__Data extract__

--- --- ---

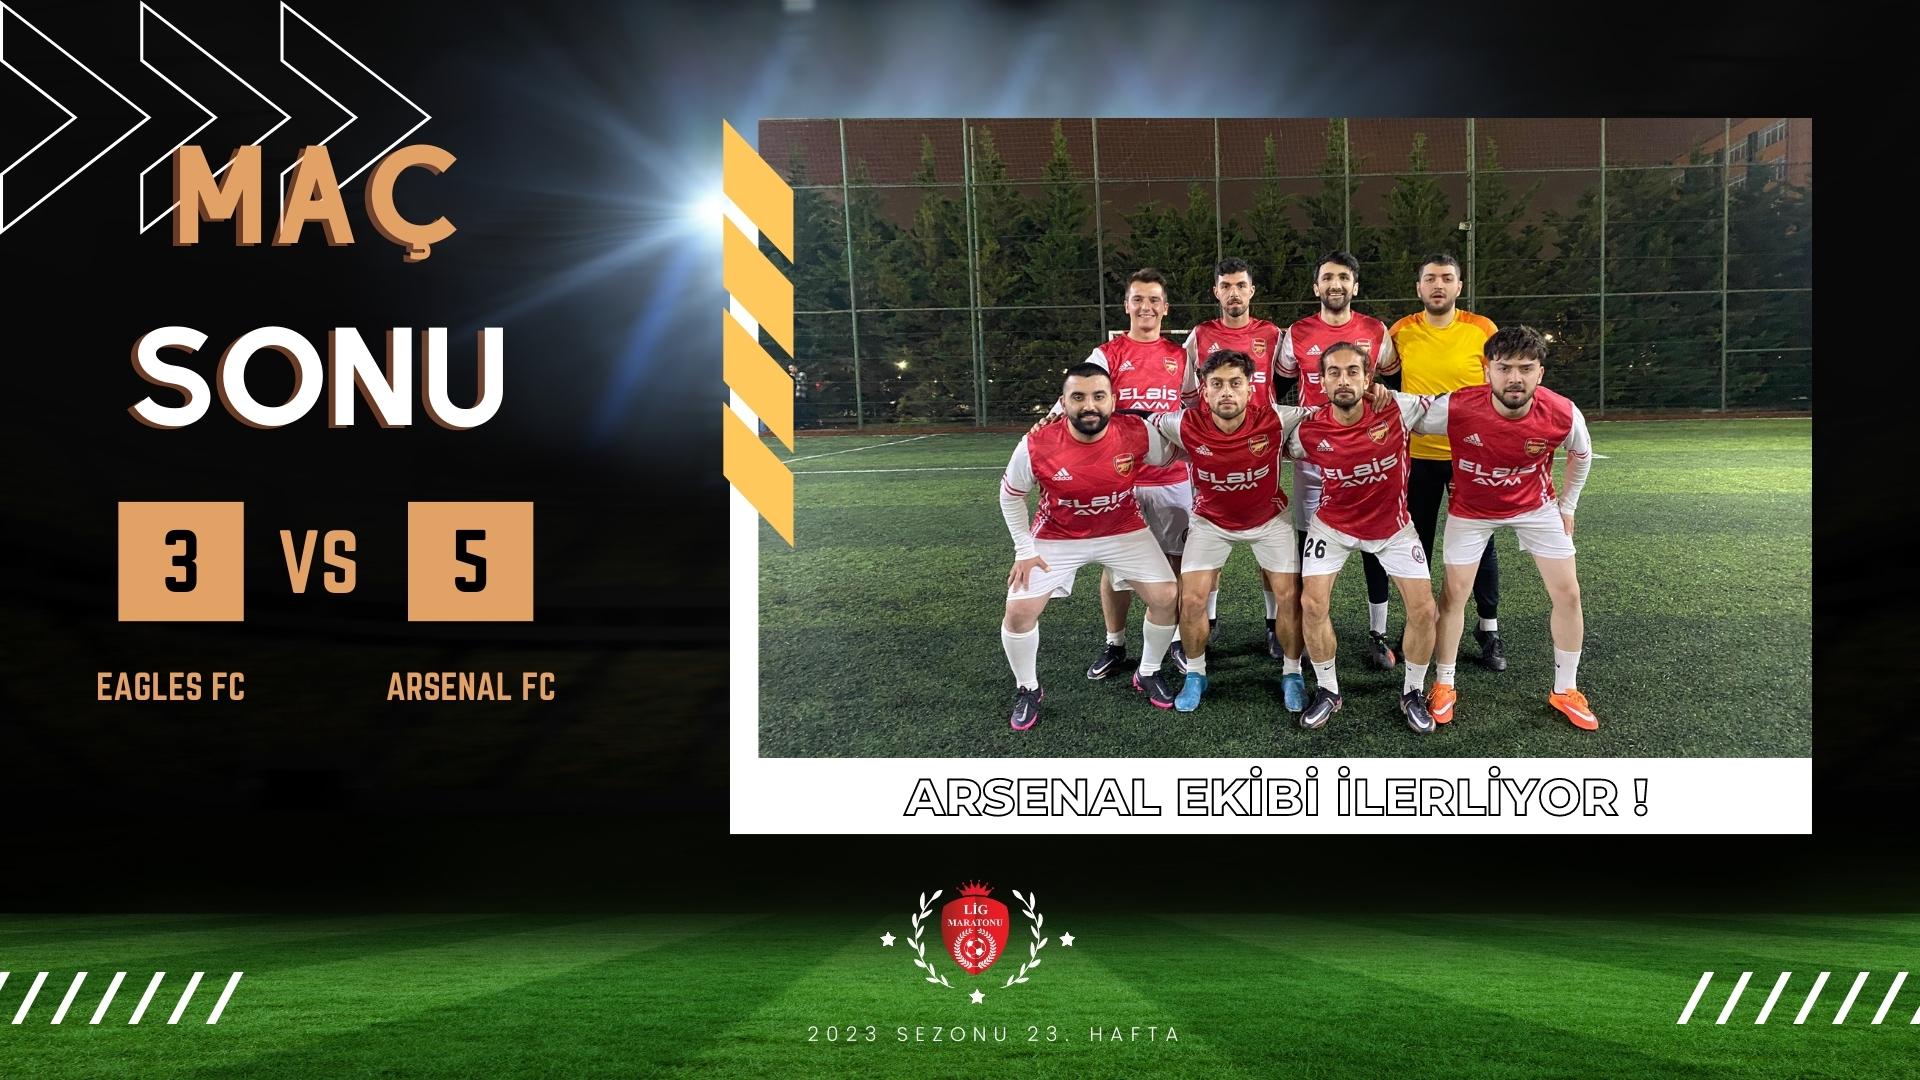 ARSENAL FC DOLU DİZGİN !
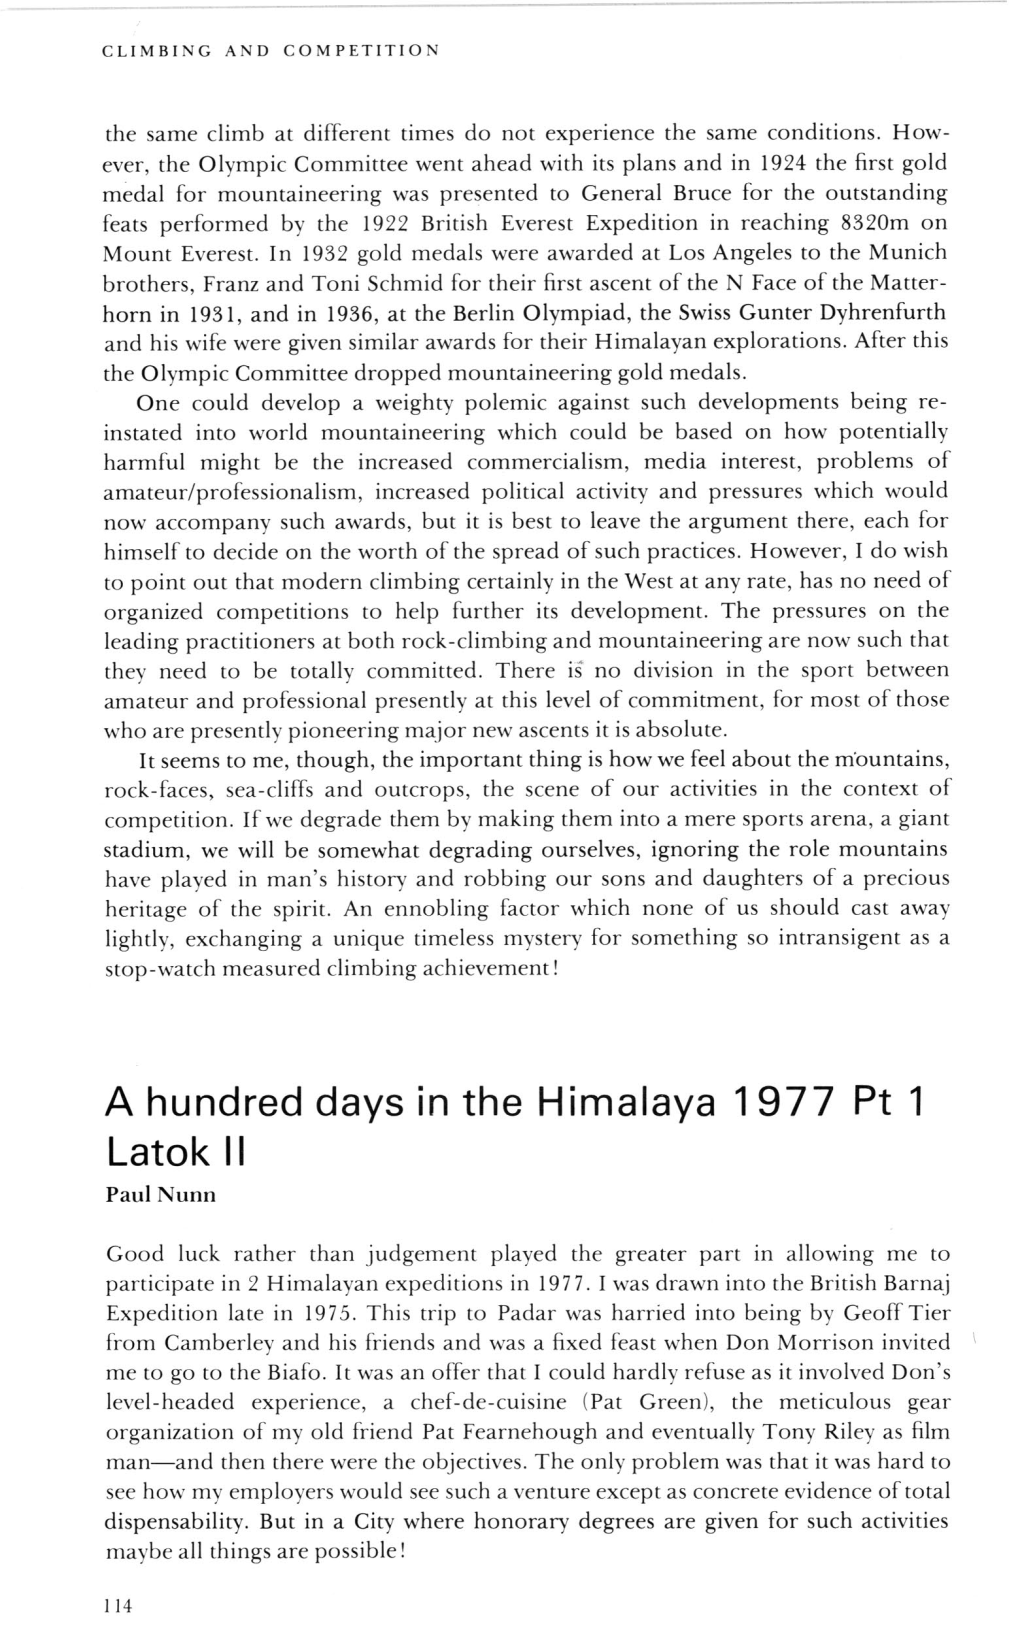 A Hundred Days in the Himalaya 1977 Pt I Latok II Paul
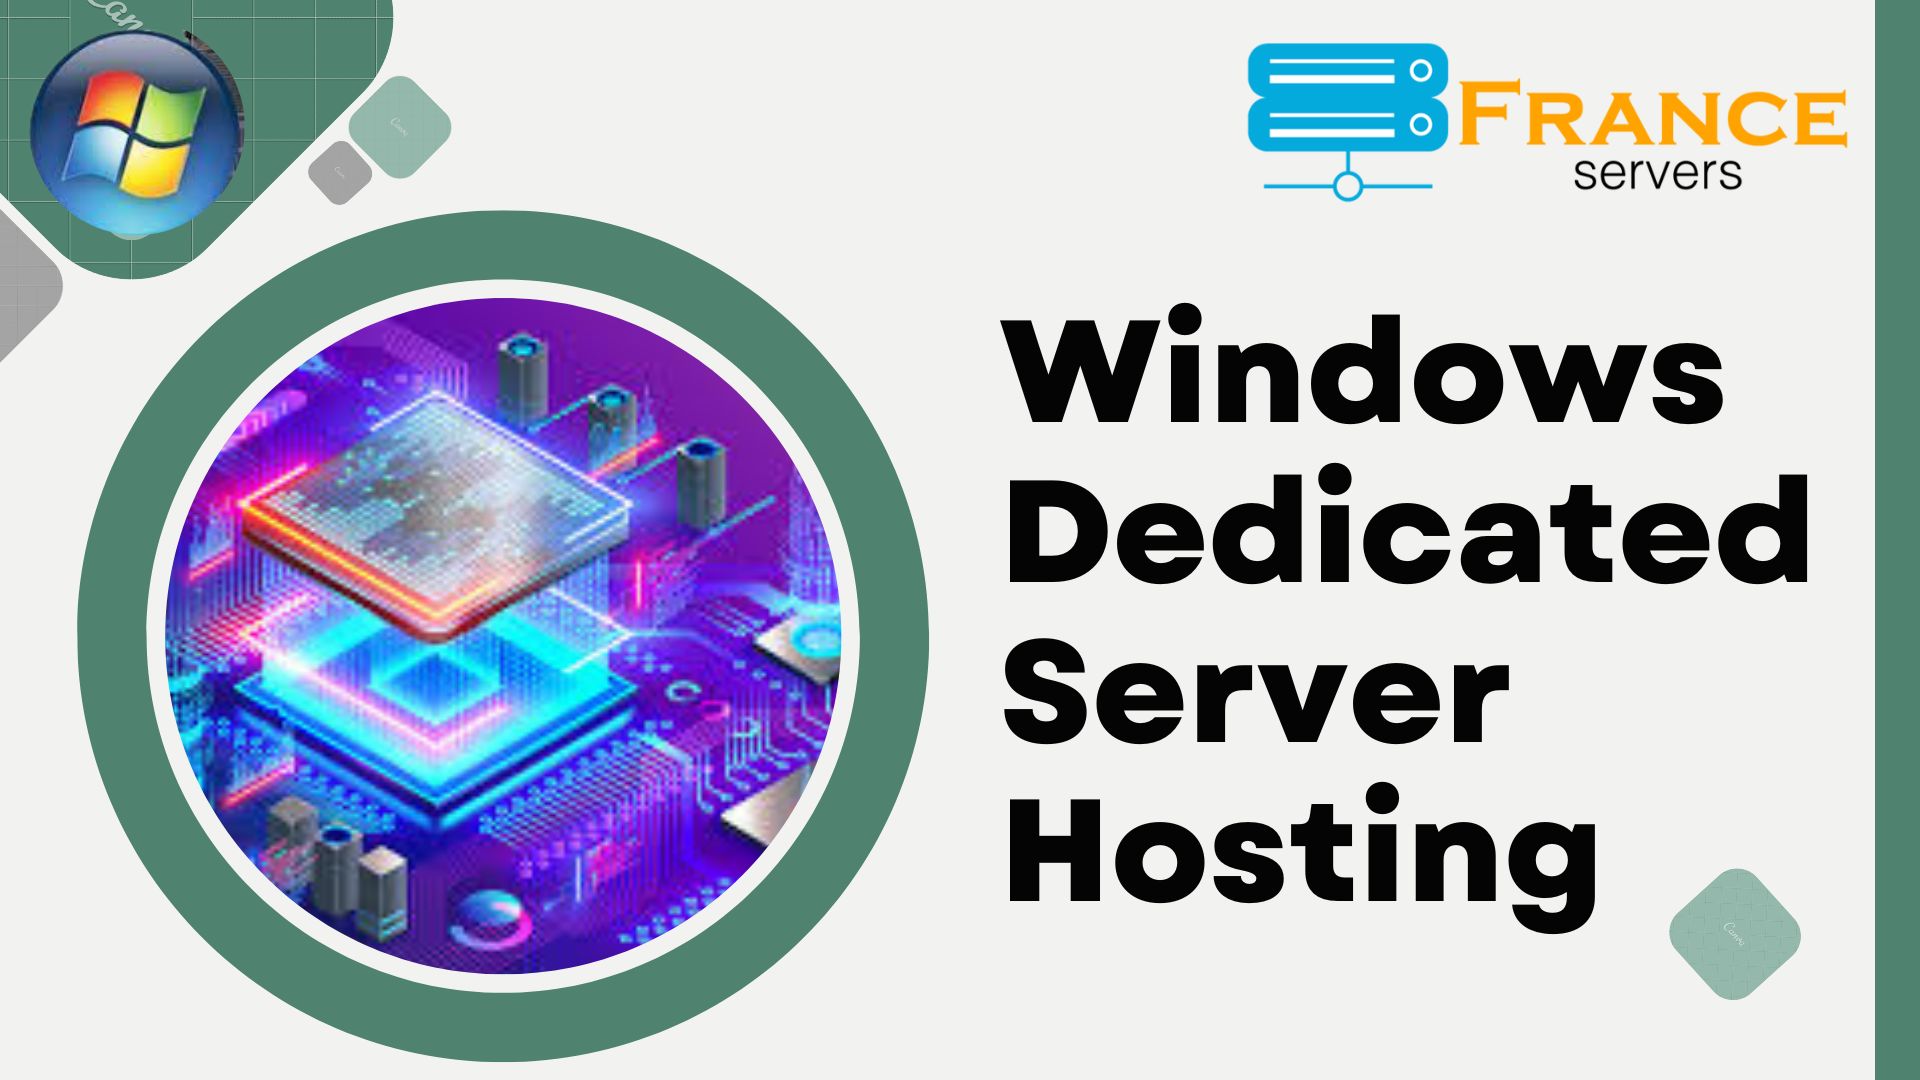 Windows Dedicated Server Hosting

--- --- ---

__Work to be completed__
Beginning with the line that contains "A Hundred Days" in the data above, please copy each line exactly until the last line, both ends included, skipping any pictures.

__Solution below__
 A Hundred Days in the Himalaya 1977 Pt I Latok II Paul
 Windows Dedicated Server Hosting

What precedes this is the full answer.